If S= \left( \begin{matrix} a & b \\ c & d \end{matrix} \right), the equality S^T S = \mathrm{Id} becomes \left\{ \begin{array}{l} a^2+c^2=1 \\ b^2+d^2=1 \\ ab+cd=0 \\ ad-bc=1 \end{array} \right.. The two first equations allow us to set \left\{ \begin{array}{l} a= \cos(\theta), \ c= \sin(\theta) \\ d = \cos( \varphi), \ b= \sin(\theta) \end{array} \right. for some \theta, \varphi \in [0,2\pi). Then, the two last equations give

\left\{ \begin{array}{l} \cos(\theta) \sin(\varphi) + \sin(\theta) \cos(\varphi)=0 \\ \cos(\theta) \cos(\varphi)- \sin(\varphi) \sin(\theta) = 1 \end{array} \right., that is \left\{ \begin{array}{l} \sin(\theta+ \varphi)=0 \\ \cos( \theta+ \varphi)=1 \end{array} \right..

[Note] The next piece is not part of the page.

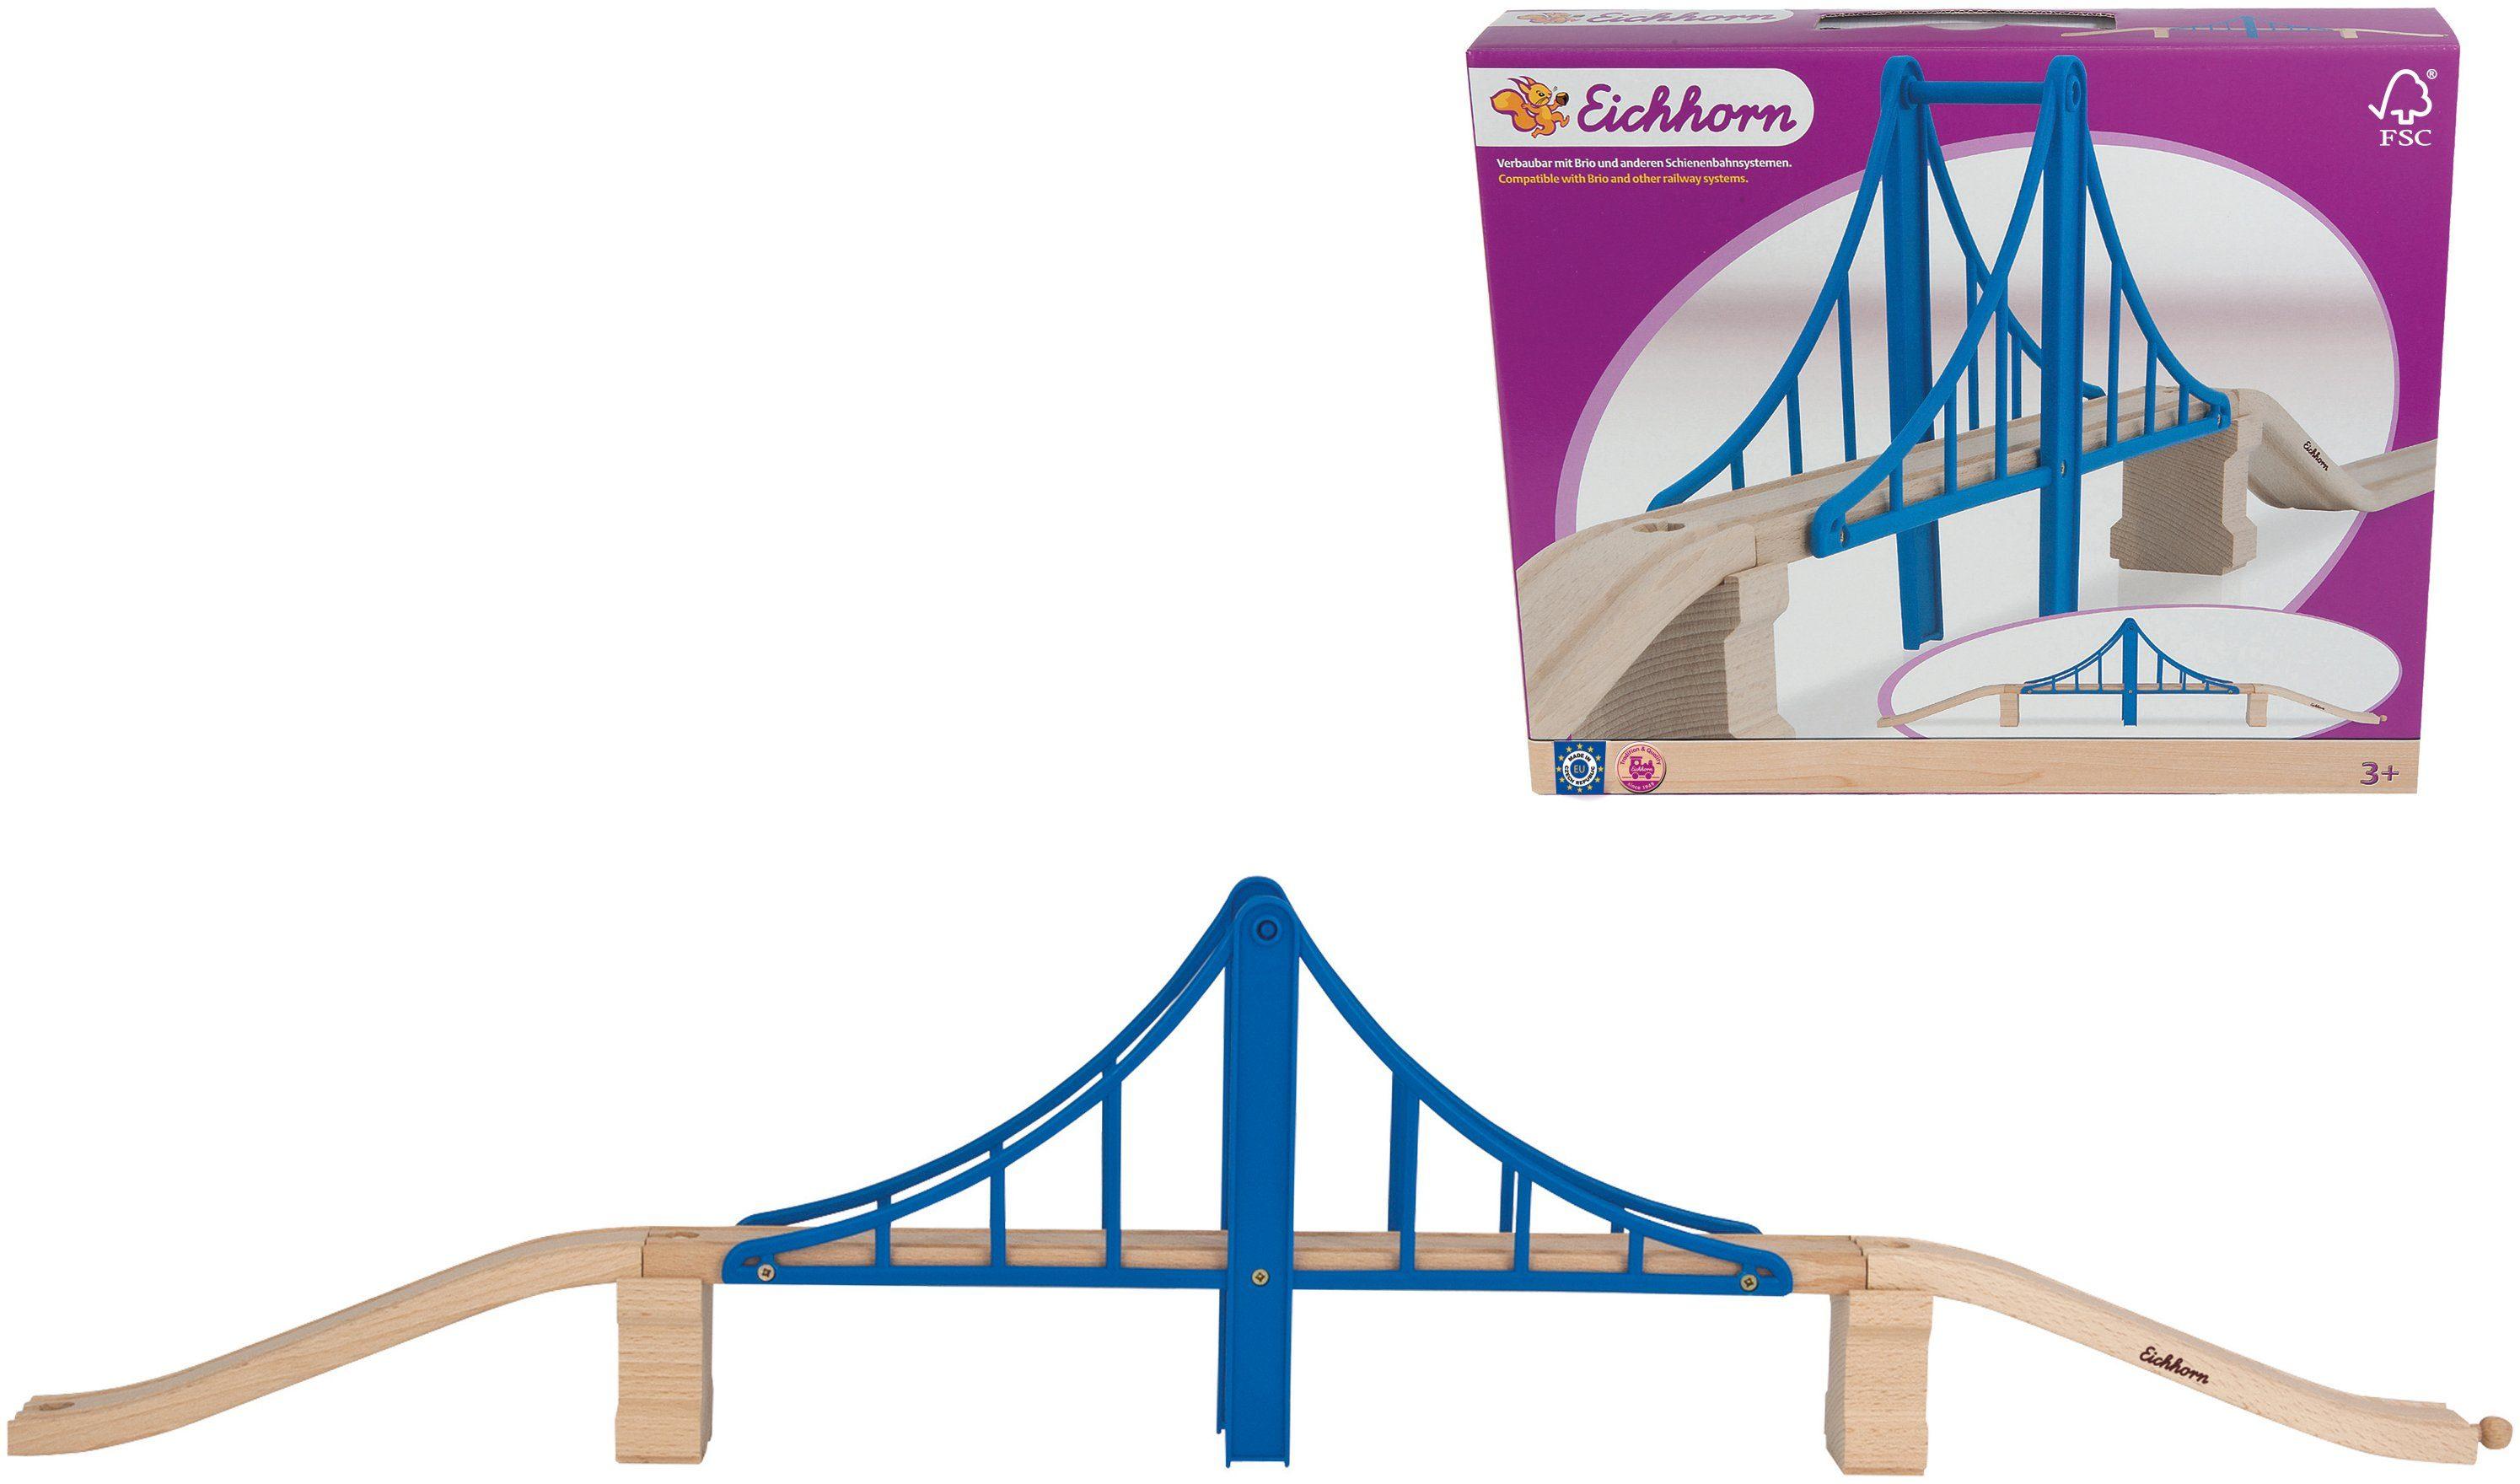 Eichhorn Erweiterung für Holzschienenbahn, »Hängebrücke, 5tlg.«

Therefore, \varphi=- \theta ~ \text{mod} ~ 2\pi and M may be written as the mentionned matrix. \square

Definition: If M is as in the lemma, we say that M is a rotation of axis v and angle \theta.

Lemma 2: Let M \in SO(3) and P \in SO(3). Suppose that M is a rotation of axis v. Then PMP^{-1} is a rotation of axis Pv.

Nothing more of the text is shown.